Es gibt ein bisschen Unmut, weil zugezogene Großstädter finden, sie hätten Schlimmeres erlebt als die Einheimischen in ihrem abgelegenen Kaff, in das die Amerikaner am 30. April 1945 kampflos einrückten. Zwei Frauen erinnern sich, wie sie am Starzelbach standen, als die Panzer und Jeeps kamen. Die Amerikaner seien ja immer nett zu Kindern gewesen und hätten sie reichlich mit Süßigkeiten beschenkt. Ein Mann liest einen Bericht vor, den er im Archiv gefunden hat. Einige schmunzeln, weil sie den Helden der Story als Lehrer kennenlernten, ein überzeugter Nazi, von dem es da heißt, er habe als Führer des Volkssturms Blutvergießen verhindern wollen. "Das ist sehr beschönigt", finden einige. Einer erzählt, dass sie einige Zeit darauf gehofft hätten, die Japaner würden das Blatt schon noch wenden und die Amis besiegen.

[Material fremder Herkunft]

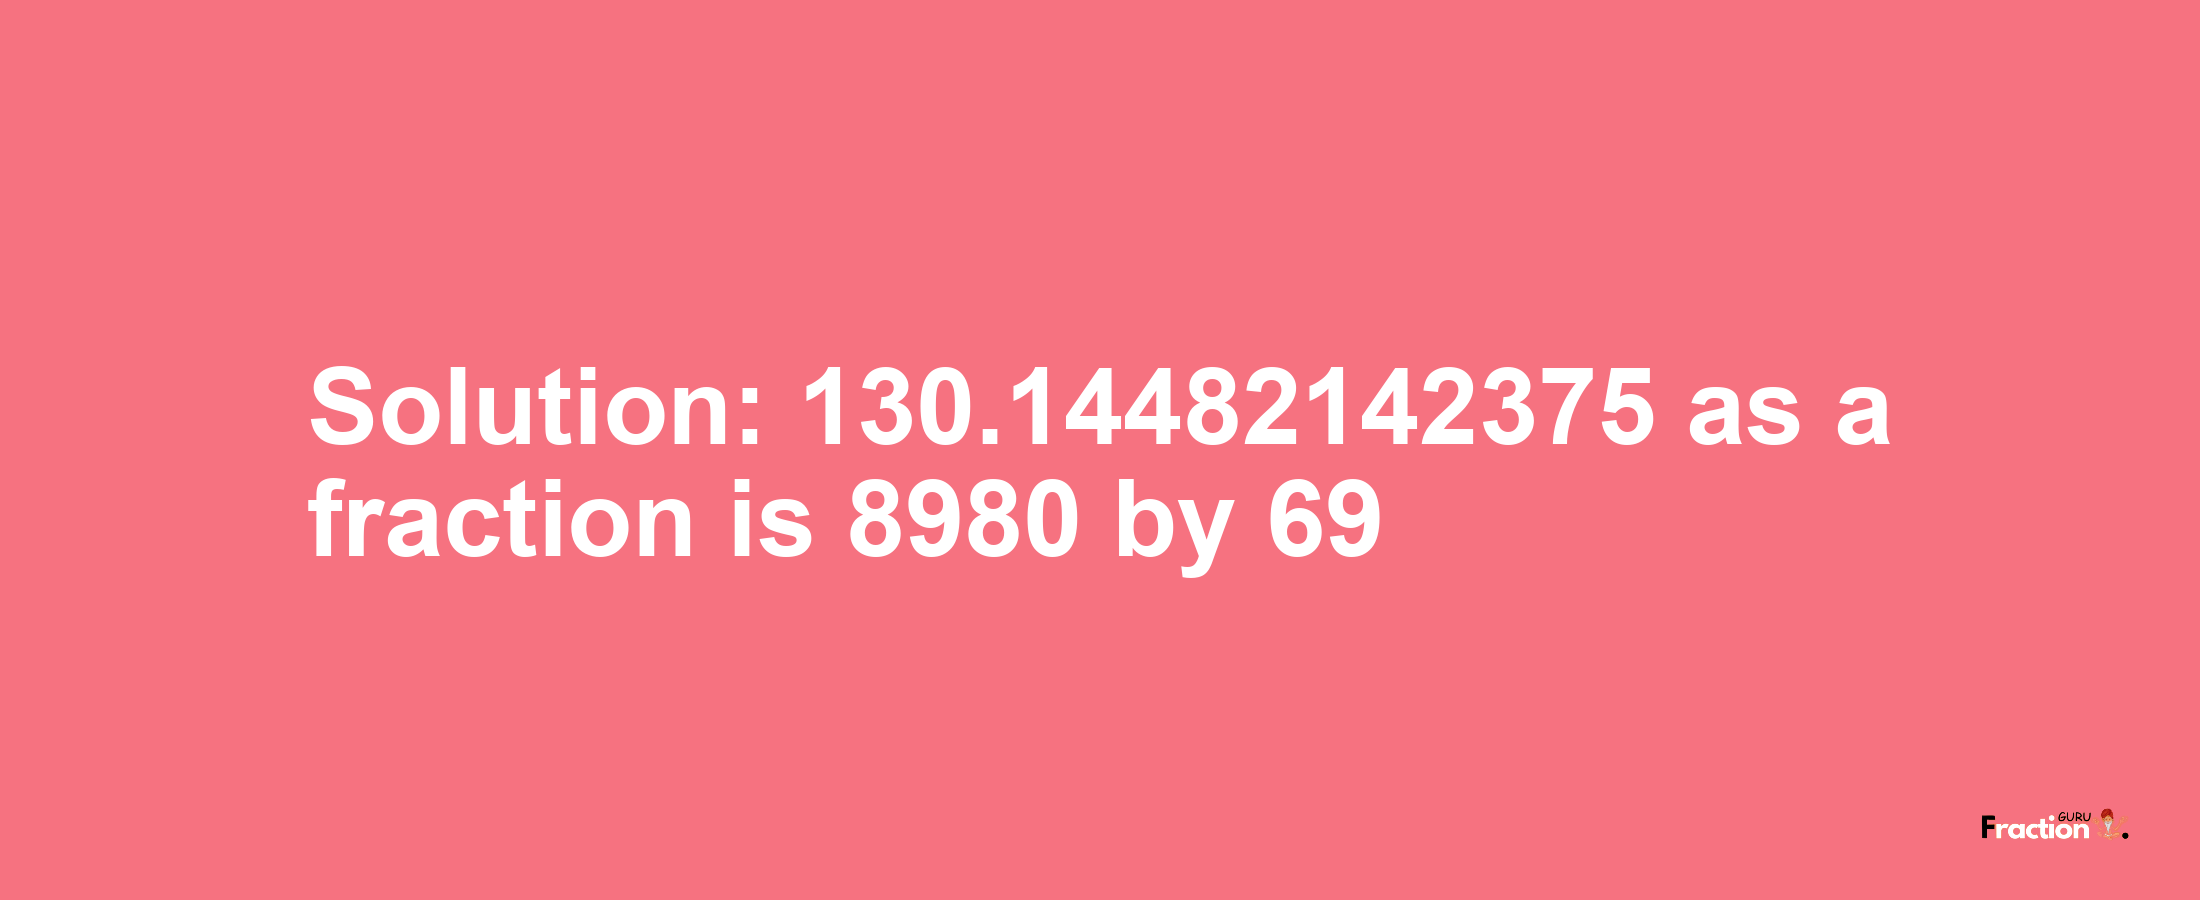 Solution:130.14482142375 as a fraction is 8980/69

Eine Münchnerin liest aus ihrem Tagebuch vor. "Unser freies Deutschland steht vor dem Zusammenbruch", hat sie als junge Frau im Luftschutzkeller notiert. Sie empört sich über jene, die am Straßenrand stehen und den Amerikanern mit weißen Taschentüchern zuwinken. "Wie ekelten mich diese Menschen an", schreibt sie über "Ausländer und KZler", denen sie bald in der Stadt begegnet, als sie mit ihrer Familie beim Hamstern und Plündern unterwegs ist.